В этой книге читатель попадает в мир
окончательно победившего добра, отрицательных персонажей тут попросту нет.
Автор постоянно играет со словами, представляя нам таких персонажей, как «тетя
Алла из металла» и обитатели города бабочек — не только тех, которые летают и
живут недолго, но и тех, которые оказываются на шее в виде галстука.
В этом мире, переполненном чудесами,
есть место и для простых существ, например, для родителей рассказчика —
семейства енотов, они живут в простой норе и критикуют сына, который изменил
традициям енотов и уехал в город: «Генрих, — строго спрашивает мама, — ты опять
носил костюм и ездил на трамвае?» С
нескрываемой иронией автор играет с читателем в волшебные шахматы, наделяя все
фигуры на доске любыми возможностями, важны только два принципа — доброта и
находчивость.
Мария Ботева.
Ты идешь по ковру. Две повести. Иллюстрации Дарьи Мартыновой. М., «КомпасГид»,
2016, 168 стр. Для старшего школьного возраста: 12+.

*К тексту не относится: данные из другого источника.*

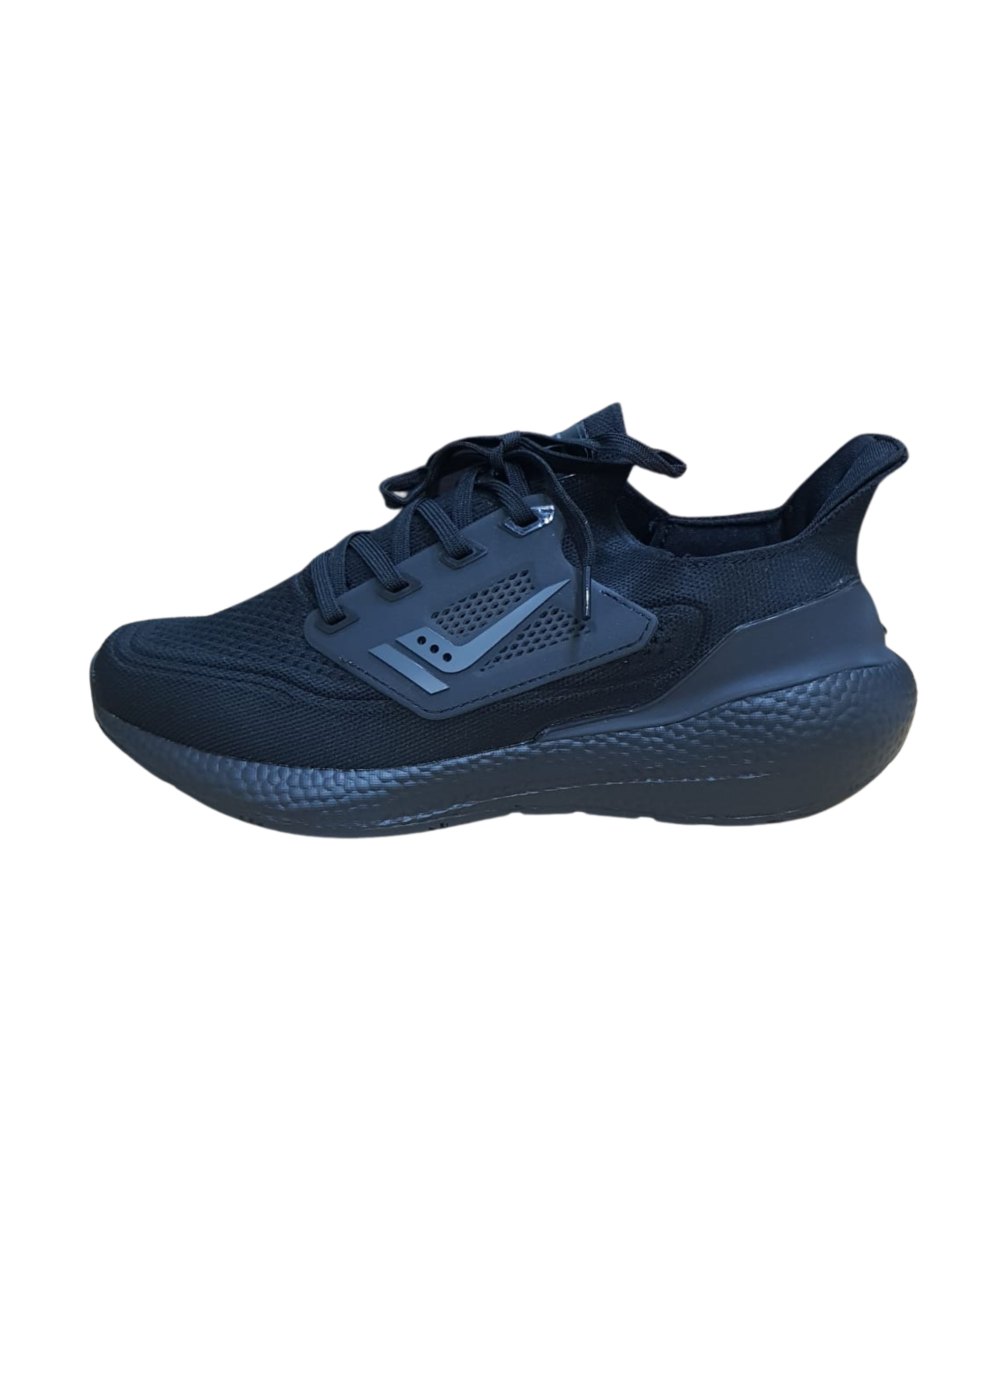 CLT Stylish Sneakers Shoes For Men
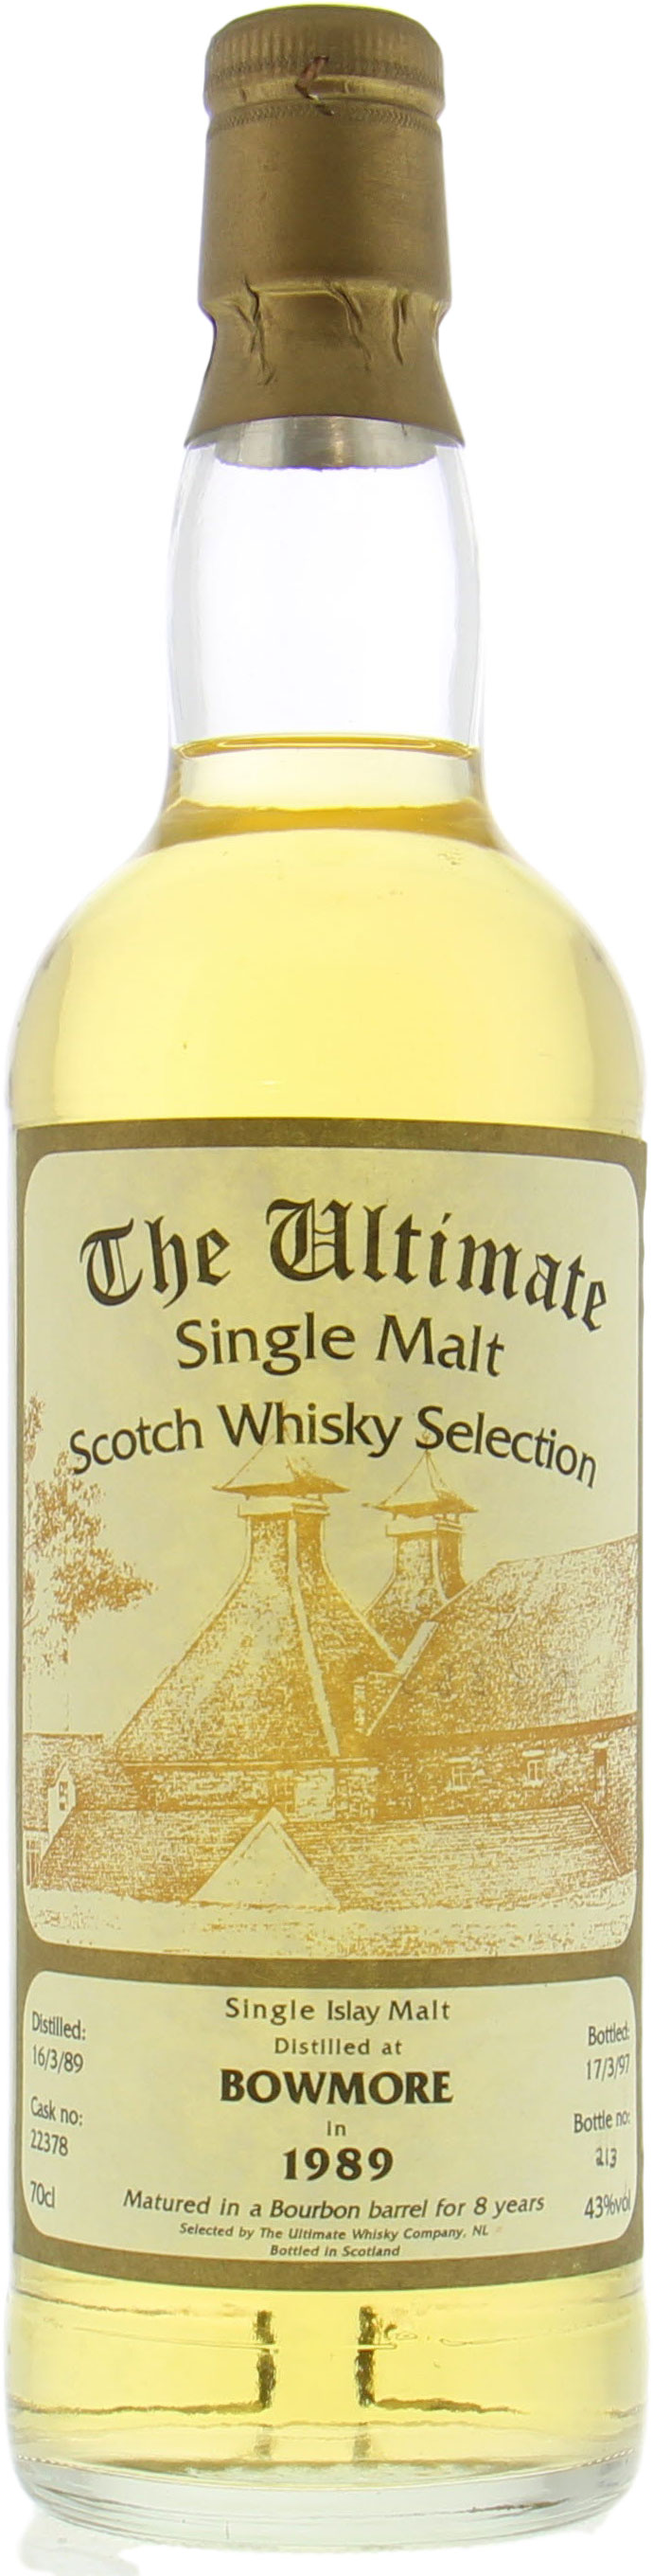 Bowmore - 1989 The Ultimate Cask 22378 43% 1989 Perfect

В новой книге Марии Ботевой — две
повести для «старшего школьного возраста». В первой мы узнаем про отношения
двух подруг, для них главными словами станет каламбур, связующий их судьбы: «Я
иду по ковру. Ты идешь, пока врешь». Жизнь двух девочек полна приключений, о
которых сегодня можно узнать разве что из позднесоветских фильмов, книг Дениса
Драгунского или рассказов родителей: «Однажды Маринка нашла перчатку из толстой
резины, желтой. Такие мы и хотели давно, для рогаток. Славка Маринкин говорил,
что для рогаток это самая лучшая резина: хоть ее и тянуть тяжело, зато пулька
летит дальше». Рогатка, игры на улице до темноты, почти полное отсутствие
цифровой реальности — все это возможно лишь в провинциальном городке. Там и
происходит действие в книге Ботевой, которая умело расставляет для читателя
ловушки, попадая в которые мы начинаем вспоминать о том, что «квас, если его не
покупать готовым в магазине, можно приготовить», а уши прокалывают с помощью
булавки и пробки. Главным проводником по страницам становится сентиментальность
и непривычное ощущение самодостаточного мира малых городов. Вторая повесть в
этой книге — история о появлении в одной семье собаки: «Щенка поселили в моей
комнате, а у меня не спросили, я до вечера была на скалодроме». Новый житель
квартиры похож на белую тряпочку и сначала не вызывает у домочадцев особой
радости, но вскоре весь мир начинает вращаться вокруг одной маленькой собачки.
Мария Парр.
Вафельное сердце. Перевод с норвежского Ольги Дробот; иллюстрации Софьи Касьян.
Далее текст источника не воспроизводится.